Да, огневые позиции выглядят теперь необычно. Суан вспоминал, как несколько лет назад их перебросили к западной границе на перехват самолетов, забрасывавших диверсантов. В безлюдных глухих дебрях легко было замаскировать и спрятать орудия так, что даже любопытствующие прохожие ничего не замечали. А сегодня пушки торчат прямо посреди поля, у самой дороги. И даже после объявления тревоги люди расхаживают и ездят на велосипедах по большаку. Вон кадровый работник жмет на педали, торопится на службу. Парень везет Девушку сзади, на багажнике; проезжая мимо батареи, они с любопытством поглядывают на солдат, не прерывая своей болтовни. Крестьянки идут с поля, неся на коромыслах снопы только что скошенного риса. Они уже скрылись за поворотом, но кажется, будто под высокими сандаловыми деревьями у дороги все еще звучит звонкий смех и ветер доносит аромат спелого риса.
Солдаты теперь все молодые, средний возраст двадцать лет; есть и такие, кто ухитрился вступить в армию в семнадцать и даже шестнадцать лет. Как и старшие их братья, победившие под Диен-биен-фу, нынешние ребята отнюдь не имеют геройского и грозного вида. Чаще всего они невысокого роста и довольно-таки щуплые, но Суан хорошо знал, какая за этим кроется выносливость, сила и железная стойкость. Они способны месяцами спать на голой земле под открытым небом, есть пустой присоленный рис с дикими овощами и, несмотря ни на что, из ночи в ночь совершать стремительные переходы, а днем рыть и рыть окопы, переворачивая своими лопатами горы земли. Ведь они — плоть от плоти народа, который тысячелетиями, подтянув потуже пояс, сражался с джунглями, с ураганами, засухами и наводнениями за каждый клочок земли… На лицах их, добродушных и чистых, всегда, кажется, вот-вот вспыхнет веселая улыбка, а в блестящих черных глазах видны ум и смекалка. И еще — чего не было раньше — нынешние молодые солдаты все кончили до армии четыре или пять классов, а немало и таких, у кого за плечами десятилетка. Всего десять лет строили мы новую жизнь[19], у нас не всегда было вдоволь одежды и риса, но зато в каждой глухой деревушке есть теперь школа.

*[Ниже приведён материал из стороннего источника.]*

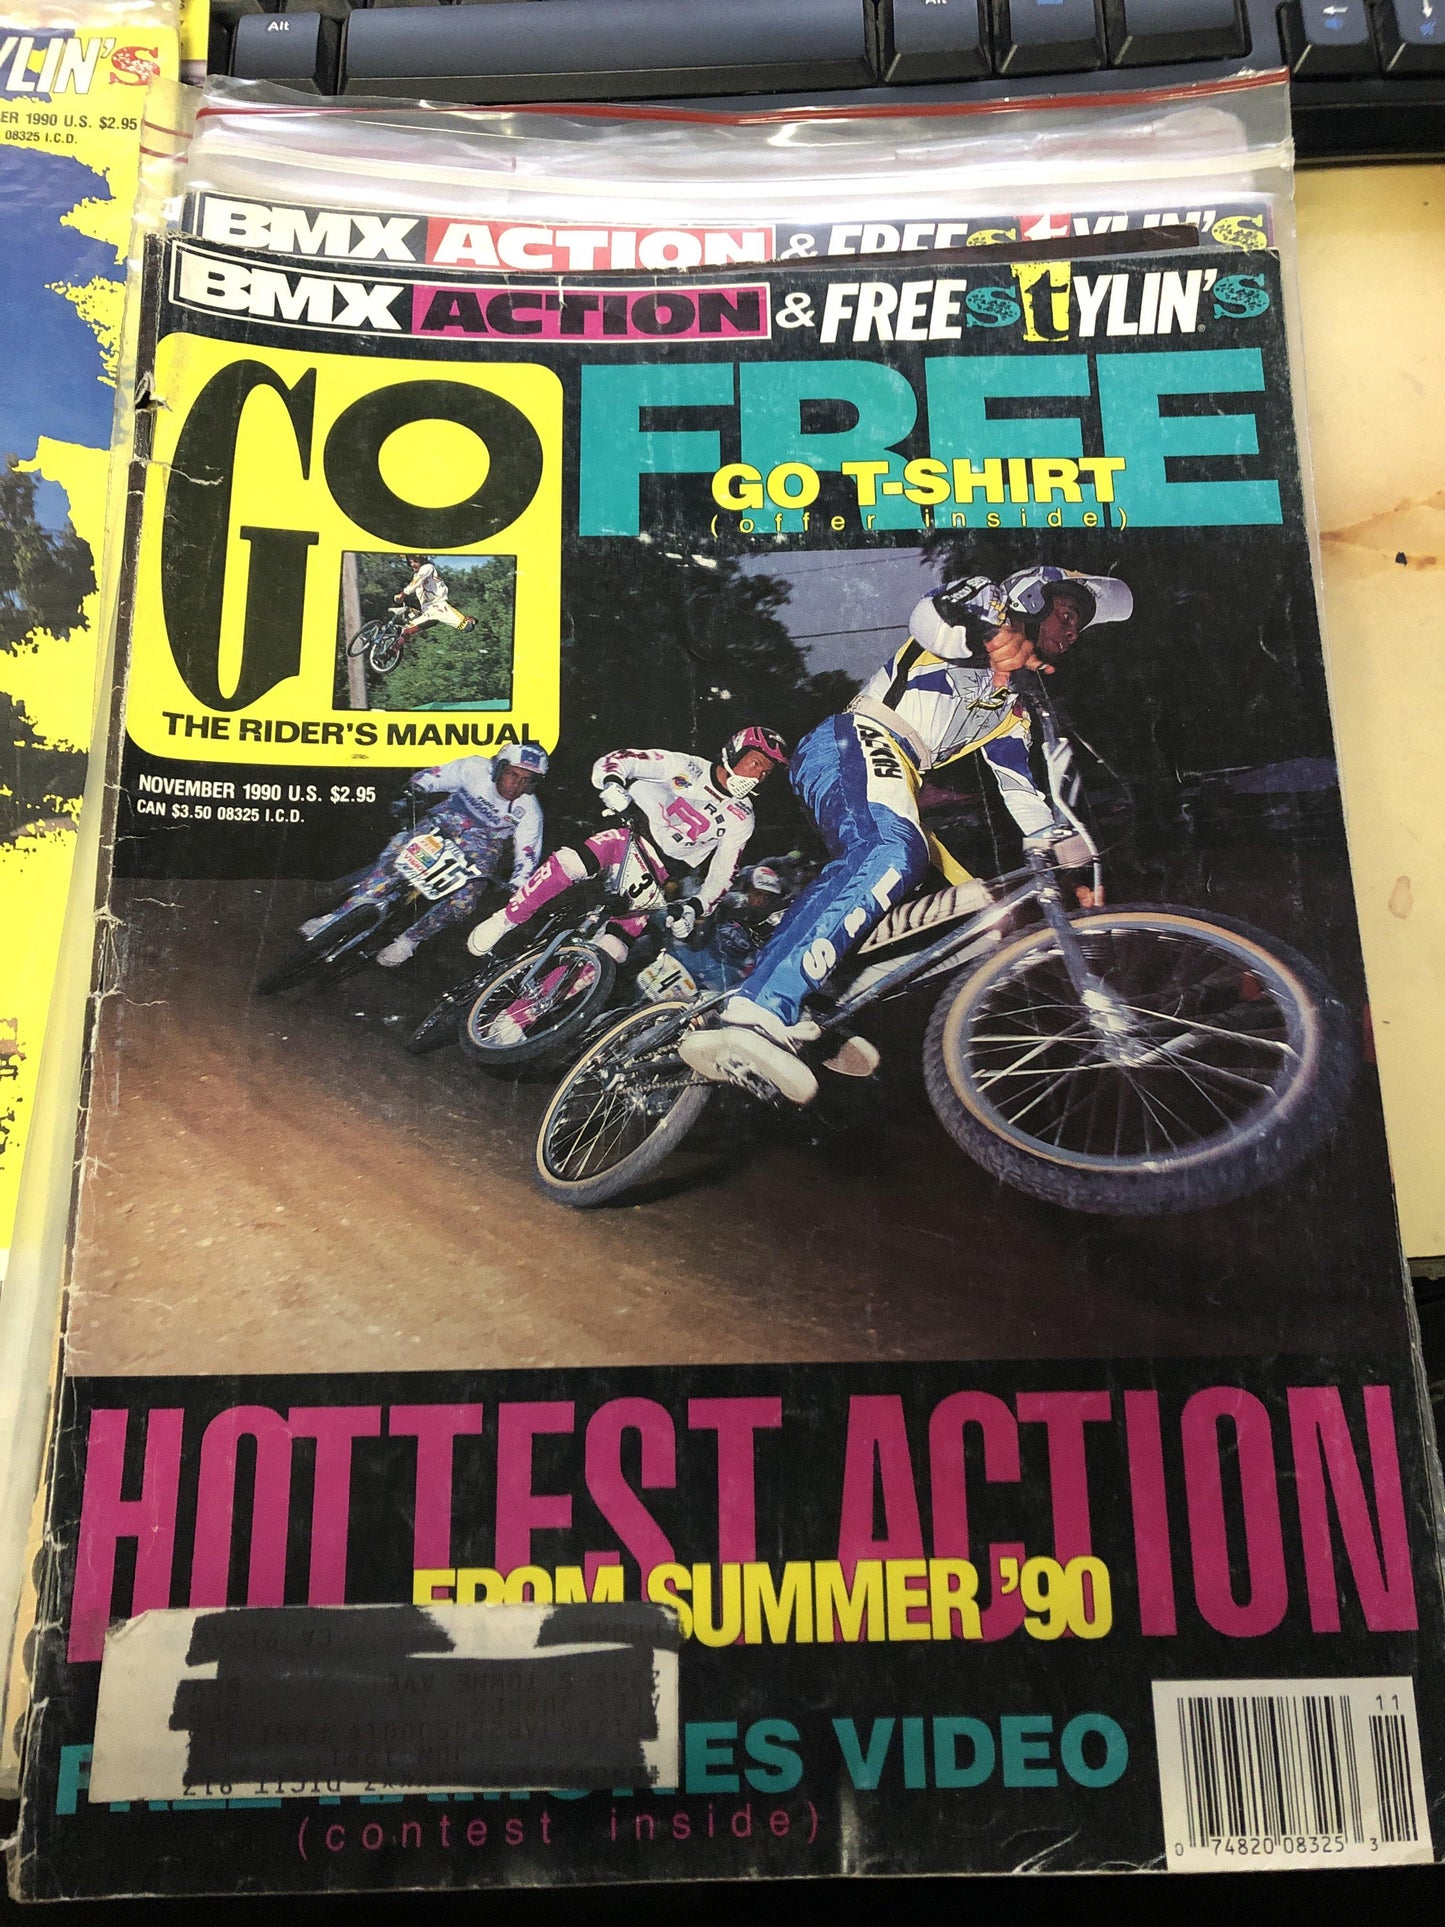 Go bmx magazine 1990 back issues - POWERS BMX

Несколько лет назад многие старые командиры и партработники колебались, не веря, что молодежь сможет выдержать испытания войны. Ведь во время Сопротивления[20] каждый солдат был человеком, испытавшим на себе позорное бремя рабства. На лицах бойцов лежал тогда, различимый с первого взгляда, отпечаток долгих лет голода, нужды и лишений. Для них винтовка была не только оружием, но и ключом, отворившим двери темницы.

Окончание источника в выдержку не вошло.